Liu, Jintao, Han, Xiaole, Chen, Xi, He, Ruimin, Wu, Pengfei
Catena 2019 v.177 pp. 101-113
biogeochemistry, data collection, diffusivity, highlands, linear models, prediction, soil depth, topographic slope, water, watersheds, China
The spatial distribution of soil thickness plays a critical role in upland hydrological and biogeochemical processes. Process-based models are thought to have great potentials for predicting soil thickness. However, applications of process-based approaches have been greatly limited by parameter estimation, which typically requires specialized laboratories. In this study, on the basis of field works, an approach for parameter estimation under steady-state assumption is developed using linear and nonlinear soil transport models. Under each model, parameter, namely the ratios between the maximum soil production rate and the diffusion coefficient can be determined. Moreover, the optimal simulation time is derived by a power function of the diffusion coefficient derived under the linear model. The method is then used in a 0.31 ha headwater hillslope in the Hemuqiao catchment, China. According to the suggested method, parameters are determined using soil thickness data collected at 45 different locations on the hillslope, and then soil thickness is predicted. We find the distribution of predicted soil thickness and the root mean square error between the measured and predicted soil thickness for all the soil pits are all the same with the estimated ratios in both models.

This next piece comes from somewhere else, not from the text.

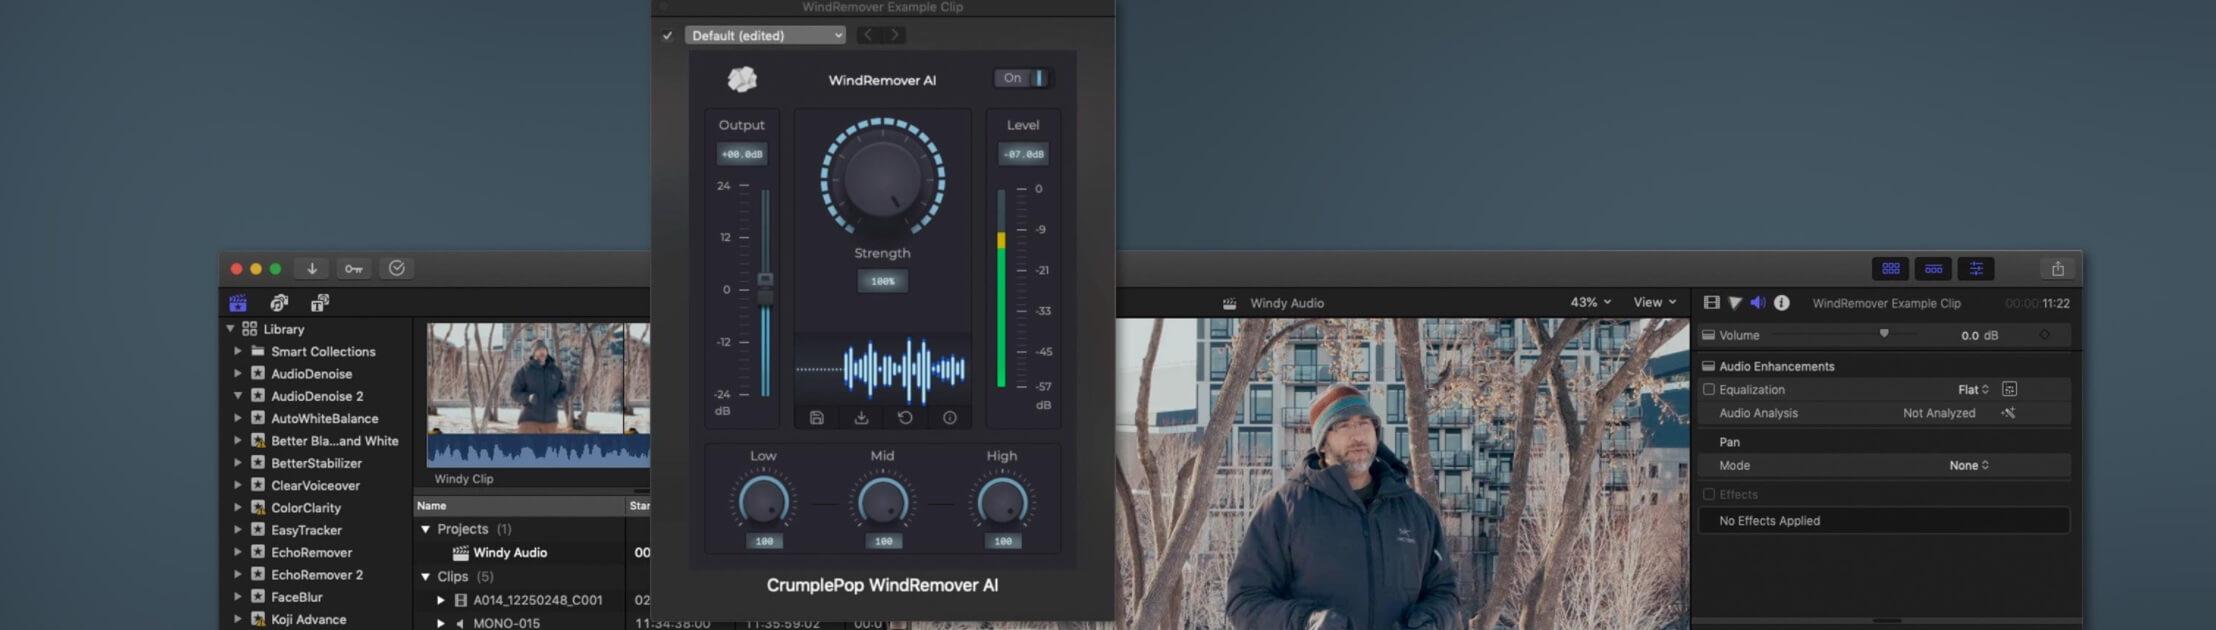 FxFactory Pro 7.2.2  Mac视频特效插件库 支持 big sur

Furthermore, the derived power function between the optimal simulation time and the diffusion coefficient is verified and the optimal simulation time is determined. Comparisons of simulations and field observations indicate that both models can achieve comparable results, although the procedure developed using the linear model is more suitable for the study area. Furthermore, the linear model is more efficient in parameter estimation, and thus is simpler to employ in practical applications. With our framework, field studies are constrained either on ridges or sideslopes, thus reducing the aimless hunting for sampling sites. This framework provides a useful approach for applying process-based geomorphic models in real catchments.